- Opening Delimiter -

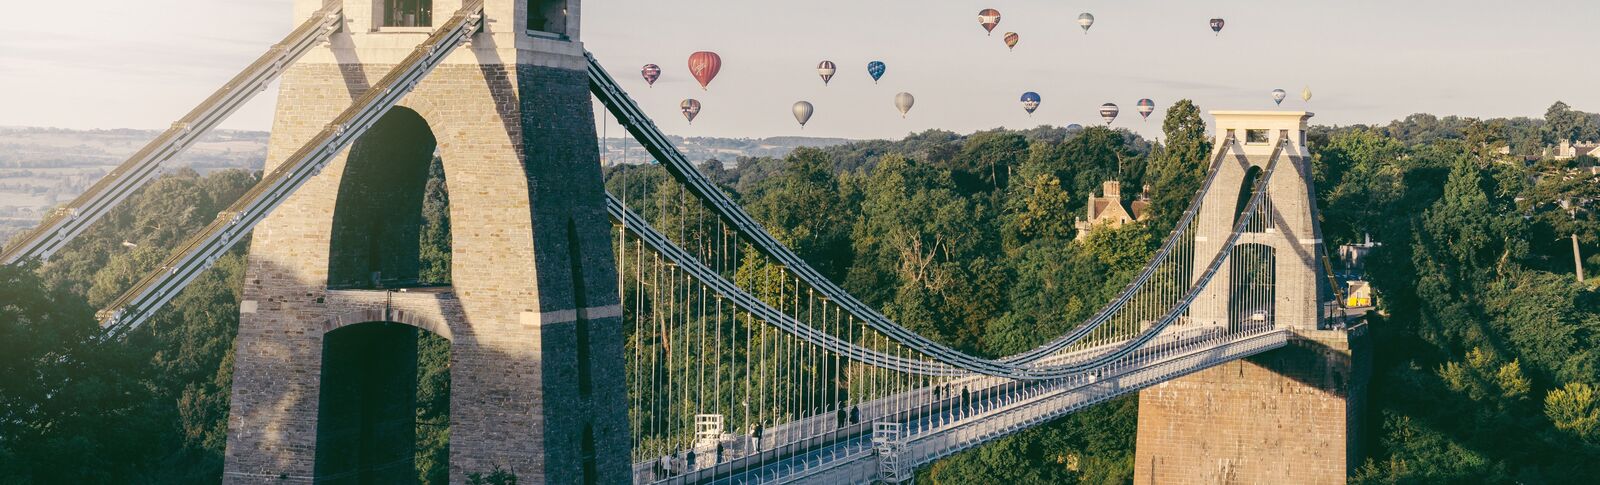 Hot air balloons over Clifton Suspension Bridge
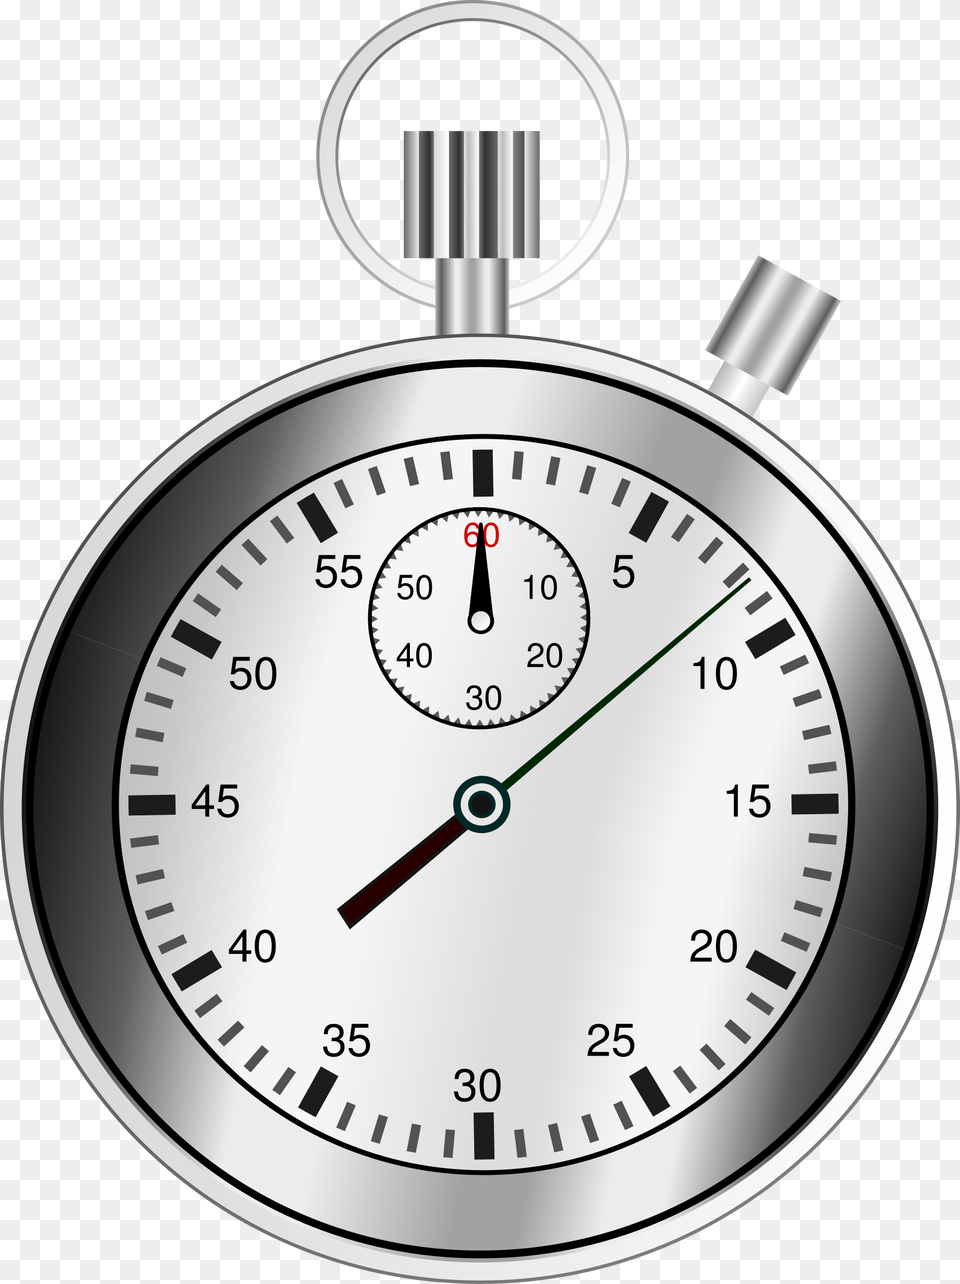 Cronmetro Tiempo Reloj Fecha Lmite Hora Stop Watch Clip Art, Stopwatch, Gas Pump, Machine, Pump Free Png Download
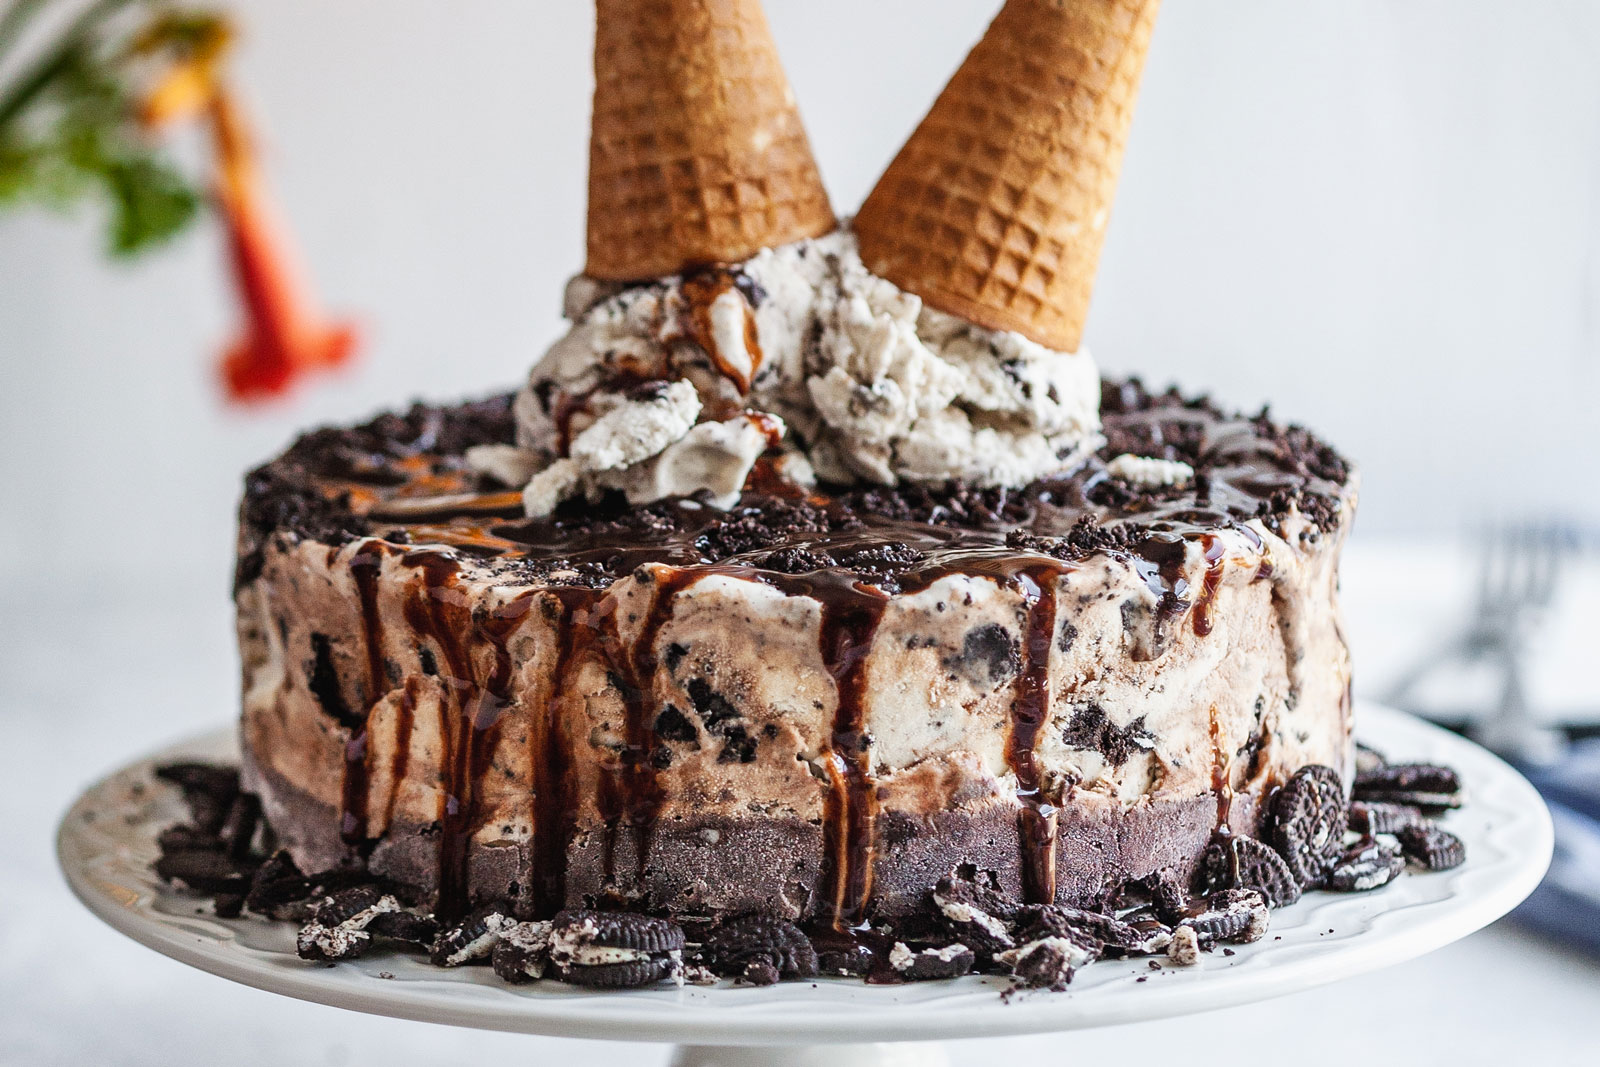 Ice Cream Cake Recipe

- Closing Delimiter -

For this exercise, output only the lines from the one bearing "Cronmetro Tiempo Reloj" to the end of the material above, exactly as written, with pictures left out.

• Output for this exercise:
 Cronmetro Tiempo Reloj Fecha Lmite Hora Stop Watch Clip Art, Stopwatch, Gas Pump, Machine, Pump Free Png Download
 Ice Cream Cake Recipe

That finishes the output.